▶ [Collected data]
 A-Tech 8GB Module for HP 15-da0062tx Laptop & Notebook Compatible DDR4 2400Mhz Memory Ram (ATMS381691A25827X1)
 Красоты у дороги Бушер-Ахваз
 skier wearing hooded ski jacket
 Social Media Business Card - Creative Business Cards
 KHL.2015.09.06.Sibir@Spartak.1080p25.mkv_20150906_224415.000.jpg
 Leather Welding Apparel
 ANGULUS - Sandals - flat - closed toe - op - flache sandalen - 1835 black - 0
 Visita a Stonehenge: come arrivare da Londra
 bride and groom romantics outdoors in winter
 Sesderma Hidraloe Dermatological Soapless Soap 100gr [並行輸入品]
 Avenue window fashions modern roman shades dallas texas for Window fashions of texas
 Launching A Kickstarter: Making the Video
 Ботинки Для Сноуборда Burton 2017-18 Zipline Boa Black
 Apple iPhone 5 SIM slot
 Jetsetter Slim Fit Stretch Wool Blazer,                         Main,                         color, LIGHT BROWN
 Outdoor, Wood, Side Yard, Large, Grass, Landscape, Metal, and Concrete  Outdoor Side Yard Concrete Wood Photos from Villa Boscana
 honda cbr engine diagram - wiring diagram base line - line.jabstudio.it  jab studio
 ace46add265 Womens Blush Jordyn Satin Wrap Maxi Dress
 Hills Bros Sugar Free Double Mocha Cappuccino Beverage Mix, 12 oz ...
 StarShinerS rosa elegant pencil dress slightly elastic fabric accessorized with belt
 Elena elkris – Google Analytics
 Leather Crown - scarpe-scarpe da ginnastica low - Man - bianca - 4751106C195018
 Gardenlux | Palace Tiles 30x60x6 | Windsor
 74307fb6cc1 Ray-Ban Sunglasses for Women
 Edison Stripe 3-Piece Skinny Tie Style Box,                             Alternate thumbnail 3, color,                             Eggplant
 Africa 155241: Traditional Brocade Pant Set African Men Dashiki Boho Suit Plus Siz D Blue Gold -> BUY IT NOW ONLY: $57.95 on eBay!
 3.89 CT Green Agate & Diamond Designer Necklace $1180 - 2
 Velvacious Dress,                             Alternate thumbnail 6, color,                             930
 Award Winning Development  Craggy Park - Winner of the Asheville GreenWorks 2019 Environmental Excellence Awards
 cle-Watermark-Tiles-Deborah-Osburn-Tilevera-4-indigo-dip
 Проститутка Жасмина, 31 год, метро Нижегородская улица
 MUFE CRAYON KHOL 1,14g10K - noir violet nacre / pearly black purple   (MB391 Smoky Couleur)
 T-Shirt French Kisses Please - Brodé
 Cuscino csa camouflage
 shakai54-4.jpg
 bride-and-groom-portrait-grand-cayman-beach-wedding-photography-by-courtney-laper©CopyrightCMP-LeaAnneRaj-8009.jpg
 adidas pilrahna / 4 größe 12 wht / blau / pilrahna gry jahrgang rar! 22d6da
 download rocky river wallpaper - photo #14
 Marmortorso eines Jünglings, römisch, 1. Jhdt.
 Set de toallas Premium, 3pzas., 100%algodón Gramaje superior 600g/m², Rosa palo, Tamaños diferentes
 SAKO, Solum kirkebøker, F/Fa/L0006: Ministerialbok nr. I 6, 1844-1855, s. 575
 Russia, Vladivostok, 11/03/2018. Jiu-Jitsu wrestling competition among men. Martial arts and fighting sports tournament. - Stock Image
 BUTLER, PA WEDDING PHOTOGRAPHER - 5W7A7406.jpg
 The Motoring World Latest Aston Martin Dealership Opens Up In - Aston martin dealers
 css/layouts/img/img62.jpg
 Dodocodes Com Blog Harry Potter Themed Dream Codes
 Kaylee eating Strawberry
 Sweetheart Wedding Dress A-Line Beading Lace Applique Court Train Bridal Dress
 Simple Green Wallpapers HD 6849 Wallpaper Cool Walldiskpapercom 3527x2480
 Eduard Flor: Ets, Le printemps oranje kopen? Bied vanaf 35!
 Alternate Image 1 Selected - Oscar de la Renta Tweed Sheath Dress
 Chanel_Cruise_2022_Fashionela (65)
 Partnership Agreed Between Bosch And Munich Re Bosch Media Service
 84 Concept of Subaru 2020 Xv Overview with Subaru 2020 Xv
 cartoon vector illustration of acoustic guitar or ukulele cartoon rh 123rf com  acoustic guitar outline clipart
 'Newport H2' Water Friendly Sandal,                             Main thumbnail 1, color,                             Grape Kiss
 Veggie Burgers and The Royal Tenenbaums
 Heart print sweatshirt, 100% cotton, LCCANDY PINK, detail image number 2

▶ [Task directions]
Above are records; repeat only the lines starting at the line with "bride-and-groo" and ending at the line with "Simple Green Wallpapers", exactly as they appear, both included.

▶ [Answer box]
 bride-and-groom-portrait-grand-cayman-beach-wedding-photography-by-courtney-laper©CopyrightCMP-LeaAnneRaj-8009.jpg
 adidas pilrahna / 4 größe 12 wht / blau / pilrahna gry jahrgang rar! 22d6da
 download rocky river wallpaper - photo #14
 Marmortorso eines Jünglings, römisch, 1. Jhdt.
 Set de toallas Premium, 3pzas., 100%algodón Gramaje superior 600g/m², Rosa palo, Tamaños diferentes
 SAKO, Solum kirkebøker, F/Fa/L0006: Ministerialbok nr. I 6, 1844-1855, s. 575
 Russia, Vladivostok, 11/03/2018. Jiu-Jitsu wrestling competition among men. Martial arts and fighting sports tournament. - Stock Image
 BUTLER, PA WEDDING PHOTOGRAPHER - 5W7A7406.jpg
 The Motoring World Latest Aston Martin Dealership Opens Up In - Aston martin dealers
 css/layouts/img/img62.jpg
 Dodocodes Com Blog Harry Potter Themed Dream Codes
 Kaylee eating Strawberry
 Sweetheart Wedding Dress A-Line Beading Lace Applique Court Train Bridal Dress
 Simple Green Wallpapers HD 6849 Wallpaper Cool Walldiskpapercom 3527x2480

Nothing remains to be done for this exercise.